This document was created by Stephen Foley, based on an original draft started by the Working Group on the National Standards for High School Psychology Curricula from the 2017 APA Summit on High School Psychology Curricula. Working group members were Amy Fineburg, co-chair; Tina Athanasopoulos, co-chair; Stephen Foley, Terri Lindenberg, Tomee Pace, Chuck Schallhorn, Casey Swanson, Rik Seefelt and Terry Wick.

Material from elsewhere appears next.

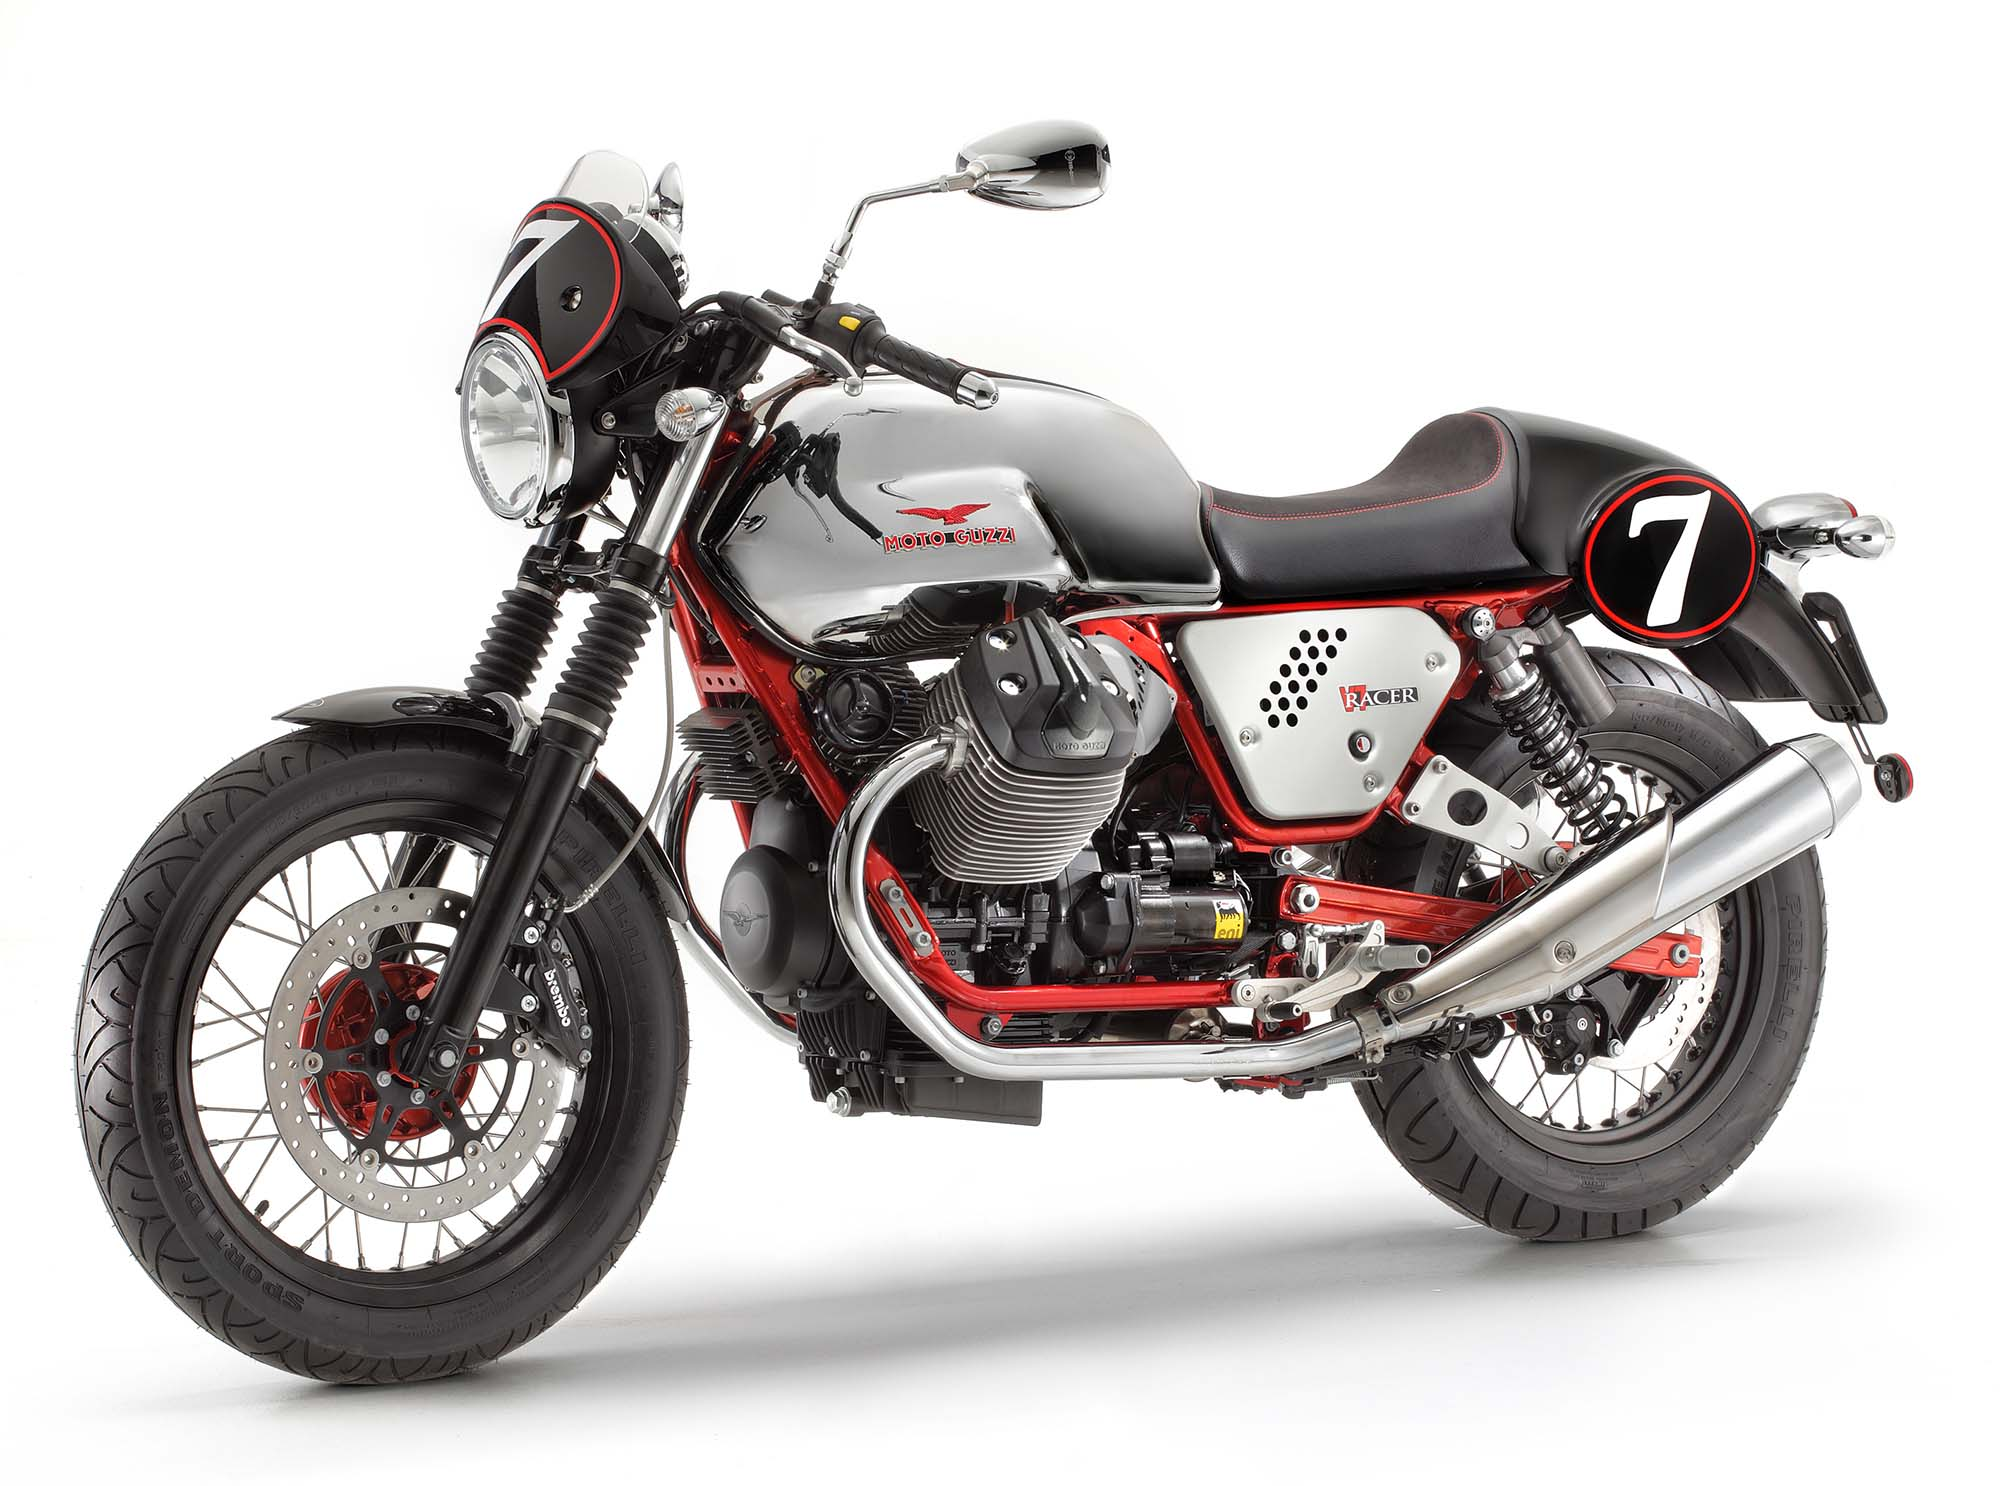 Moto Guzzi V7 stone motorcycle showcase at AUTO EXPO 2014 – INDIA ON ...

The American Psychological Association’s Summit on High School Psychology Education was convened in July 2017 at Weber State University. During the summit, participants in eight working groups developed teaching resources and made recommendations to advance the mission of the summit. With the current "APA National Standards for High School Psychology Curricula" set to expire in 2020, participants in the Strand Three working group assembled a framework for the new edition of the national standards, set to go into effect in 2021. In developing that framework, the working group on Strand Three put forth several recommendations. I will discuss two of those recommendations here: That the next national standards increase the emphasis on the scientific basis of psychology and more clearly reflect its nature as a scientific discipline, first through alignment to the "Next Generation Science Standards" (NGSS) science practices and second, through alignment to the NGSS Crosscutting Concepts.
As part of our effort to chart the course of psychology teaching in high schools for the coming decade and to support Strand One’s mission of championing psychology as a science, Strand Three examined the National Science Teachers Association’s "Next Generation Science Standards" (NGSS Lead States, 2013). The NGSS factored into our framework in several ways; but in this article, I will first consider how we explained the ways in which psychological science uses the "NGSS Science and Engineering Practices in K-12 Classrooms" (National Research Council, 2012). Though many psychologists and psychology teachers will find it obvious that psychological science uses these practices just as much as other sciences taught in K-12 schools, I undertake to make it equally clear to those outside of psychology that these practices are core to the discipline and that courses in psychological science at the secondary level teach these practices to students. Here, I give a brief defense of how each of the scientific practices relates to psychological science as taught in secondary schools.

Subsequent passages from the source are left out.